*Work to complete:* Produce an exact copy of all the data below, dropping every image.

*Given data:*
★ ★ ★ ★ ★

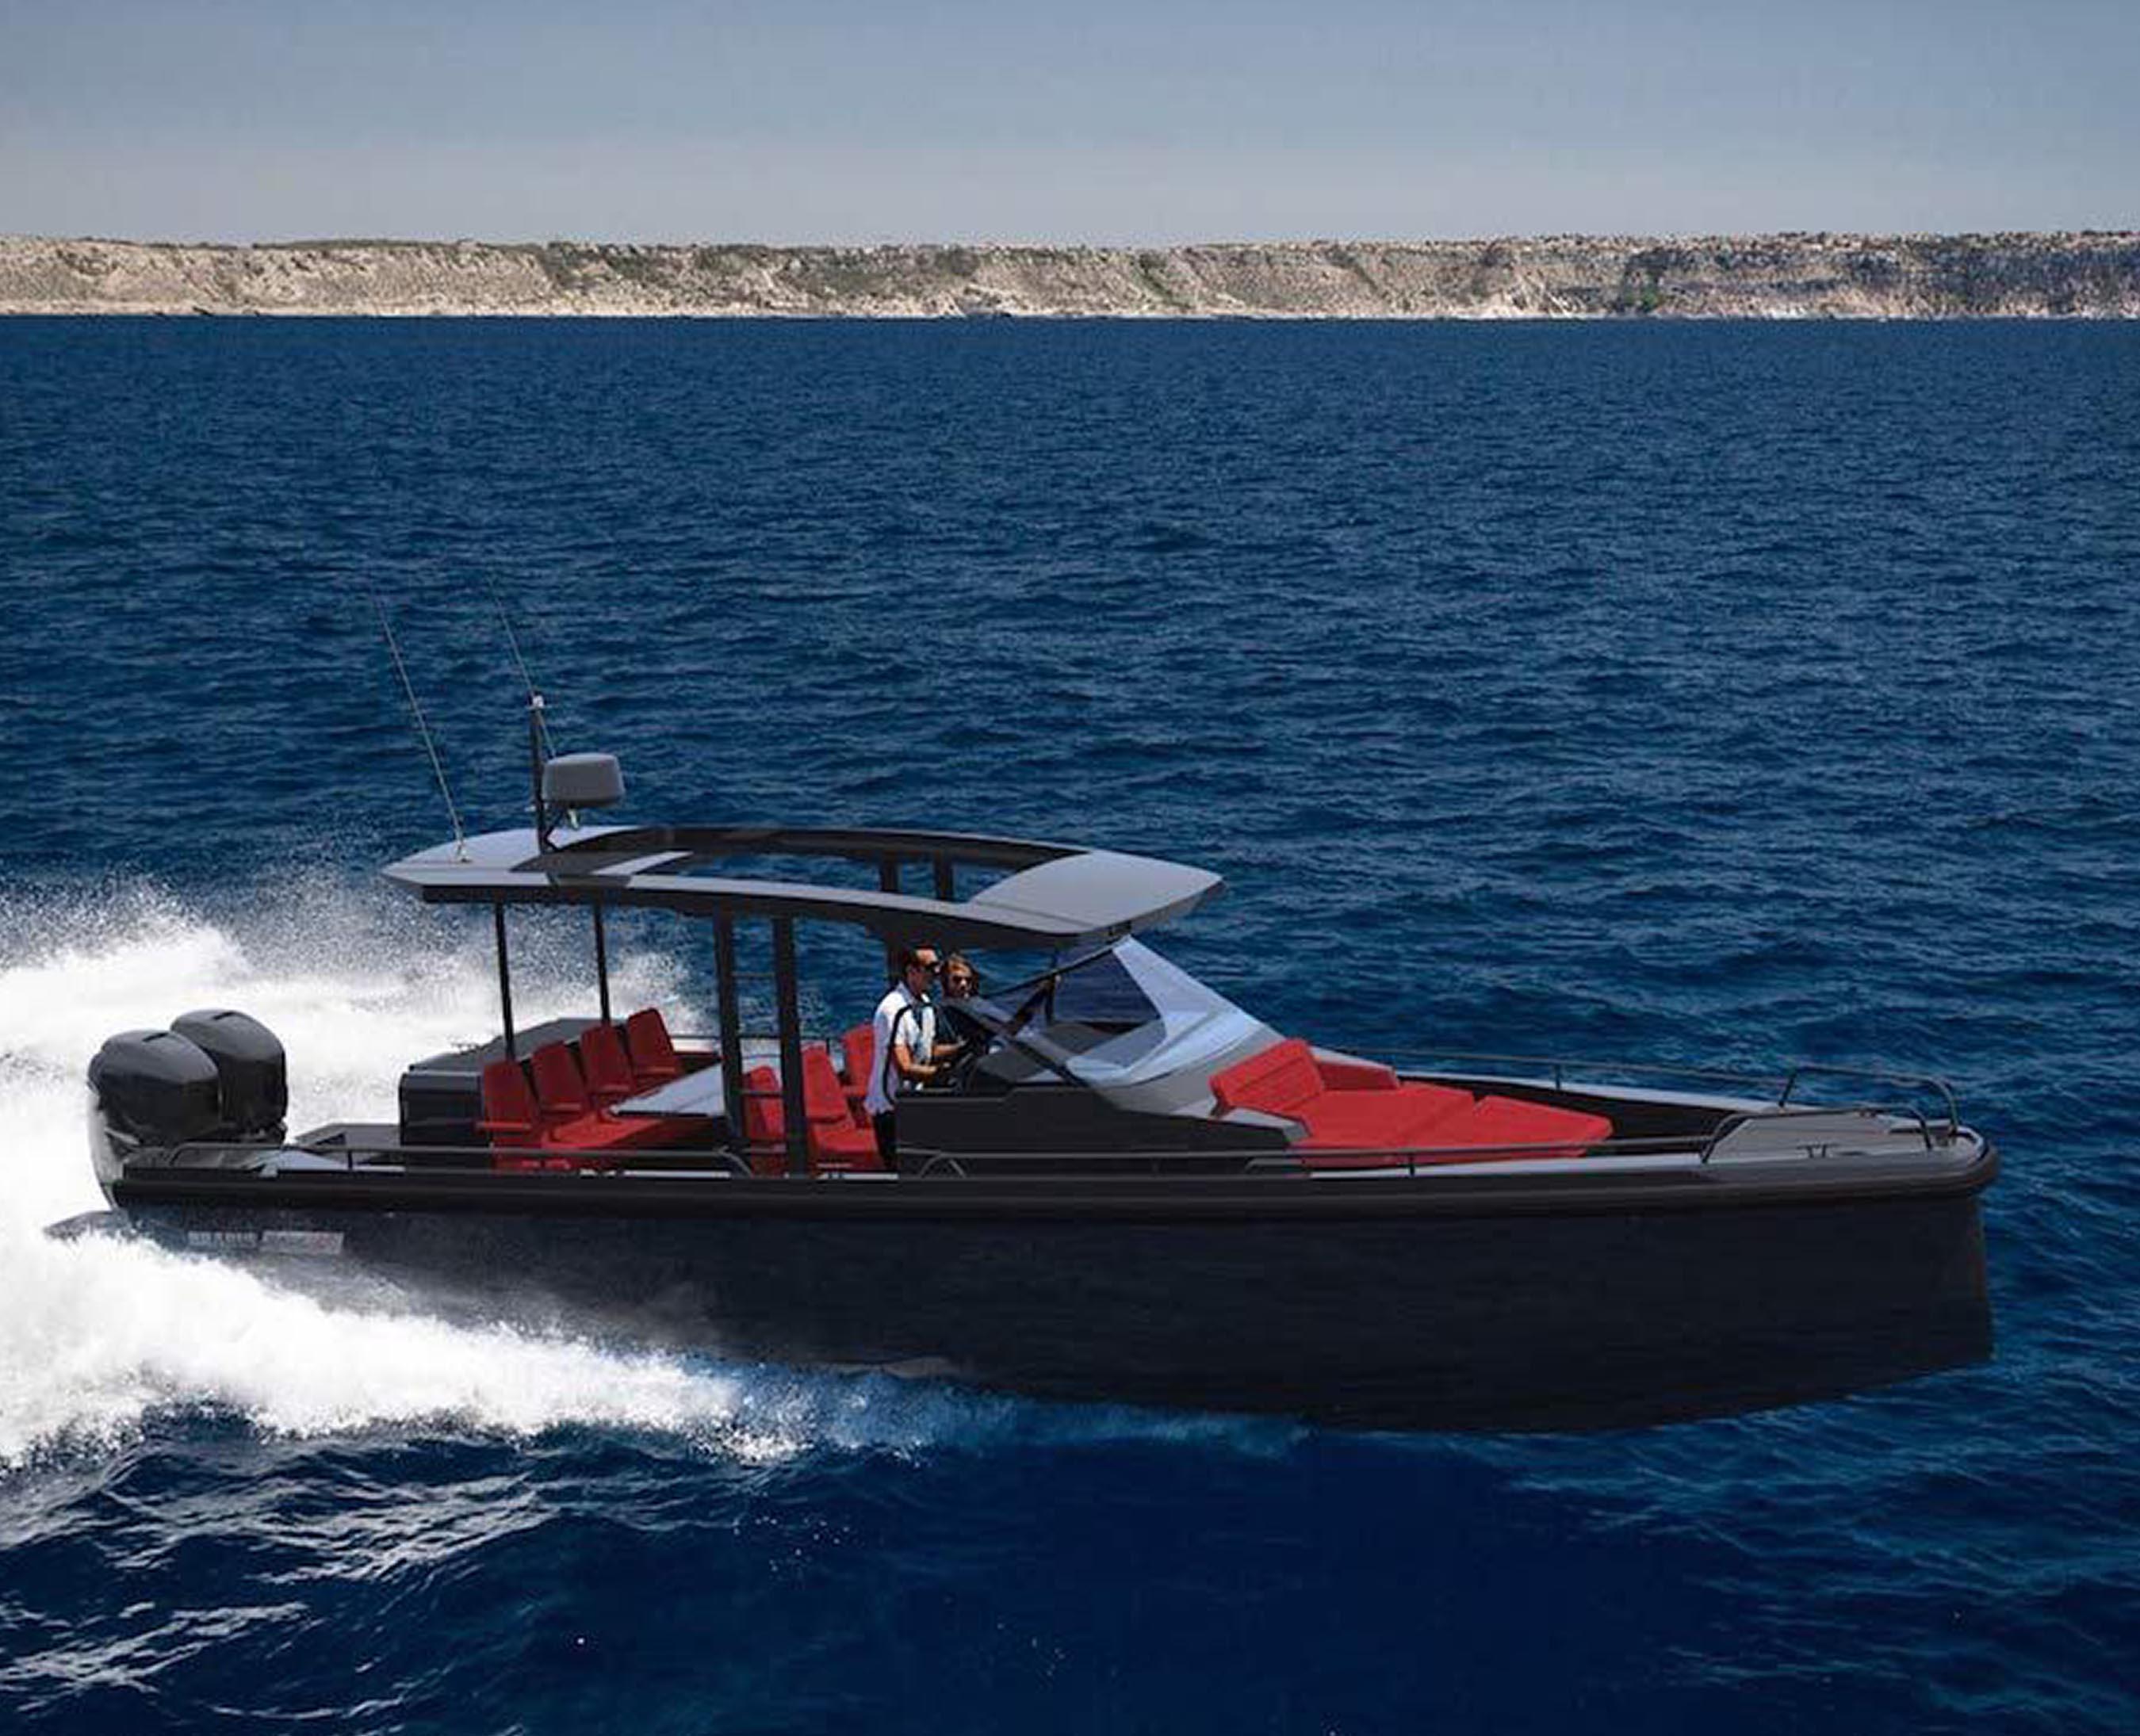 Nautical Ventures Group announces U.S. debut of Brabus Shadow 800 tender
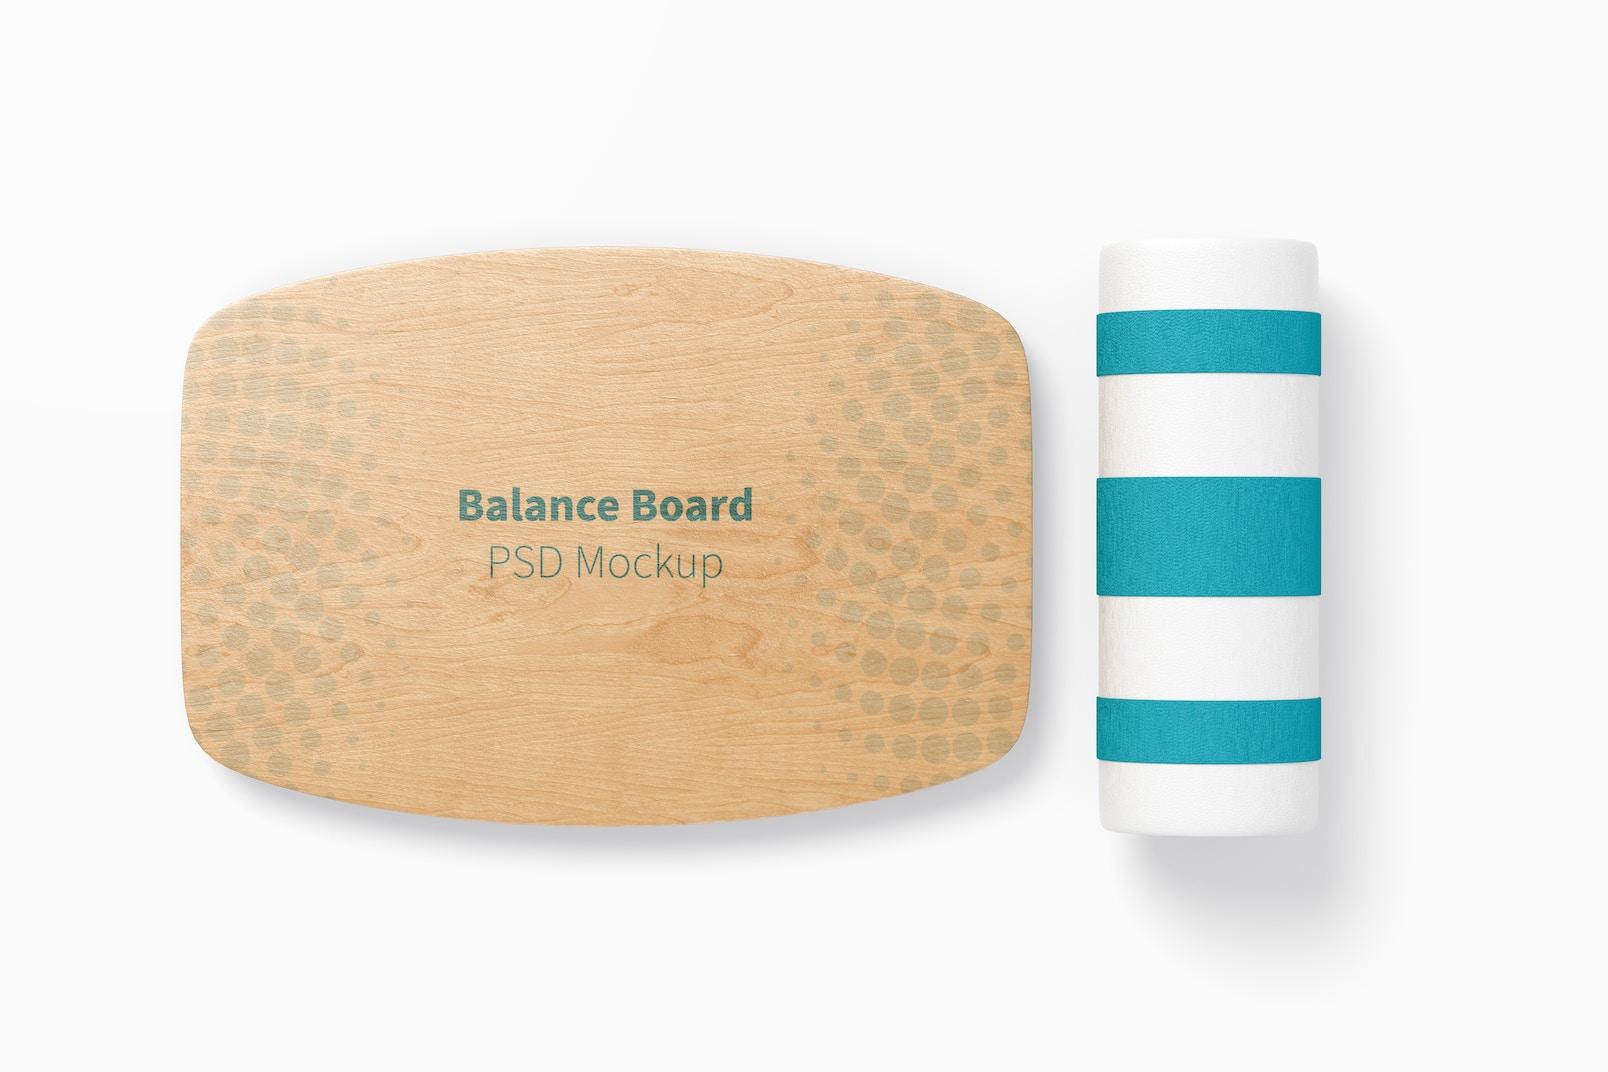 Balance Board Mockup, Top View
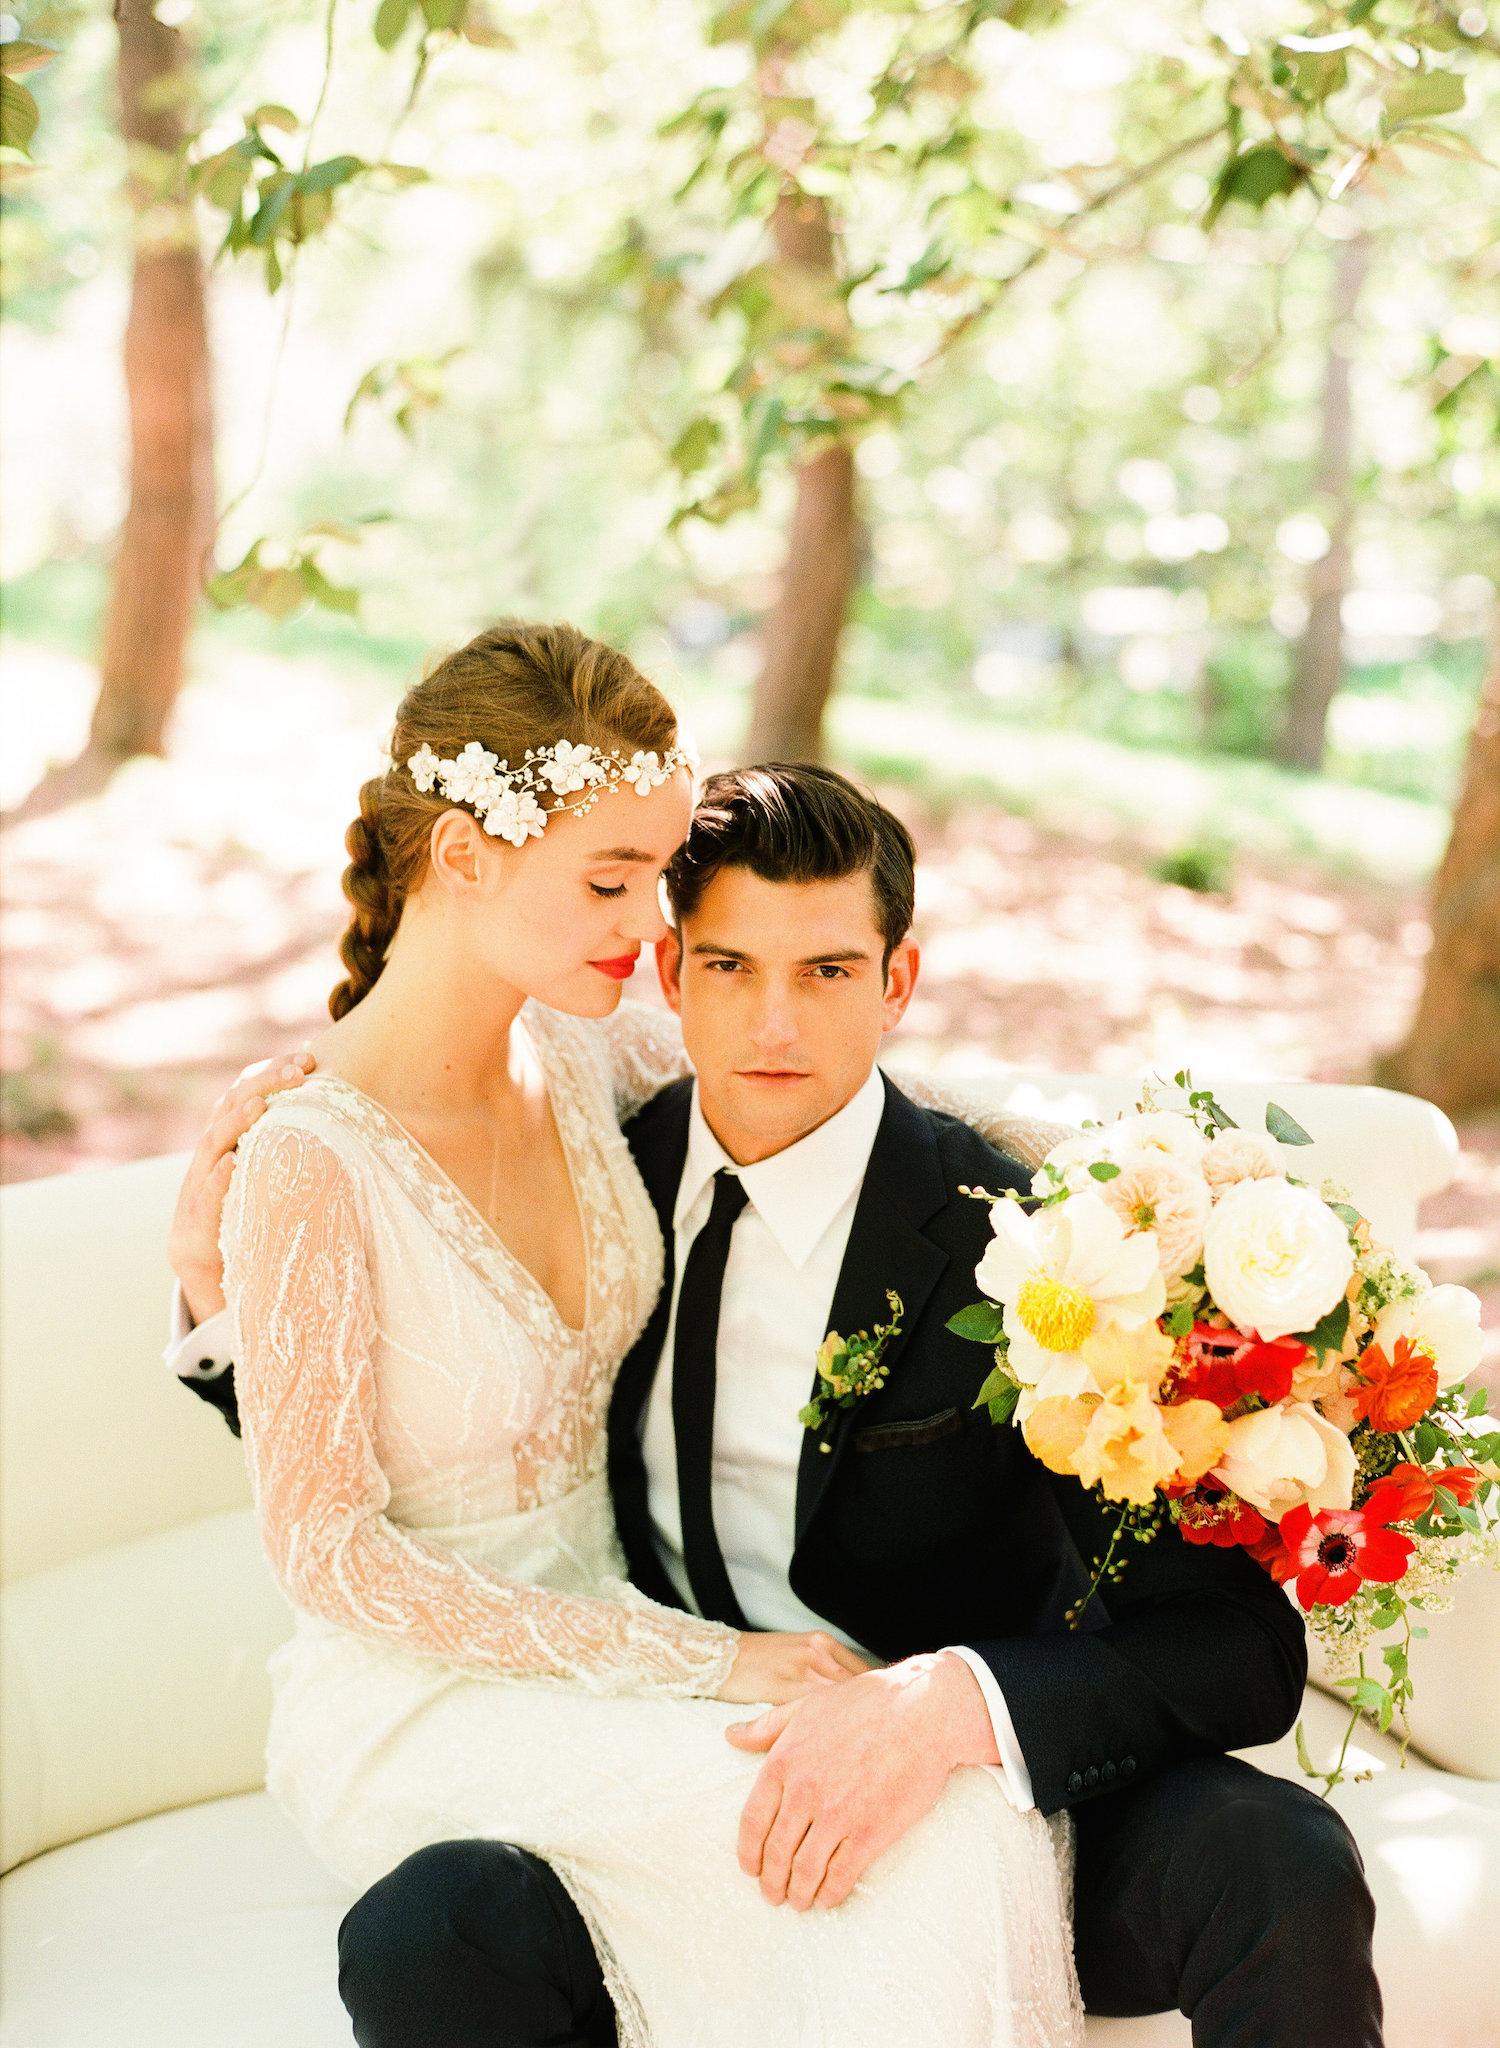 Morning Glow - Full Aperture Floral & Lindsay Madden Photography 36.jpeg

★ ★ ★ ★ ★

*Your solution:*
 Nautical Ventures Group announces U.S. debut of Brabus Shadow 800 tender
 Balance Board Mockup, Top View
 Morning Glow - Full Aperture Floral & Lindsay Madden Photography 36.jpeg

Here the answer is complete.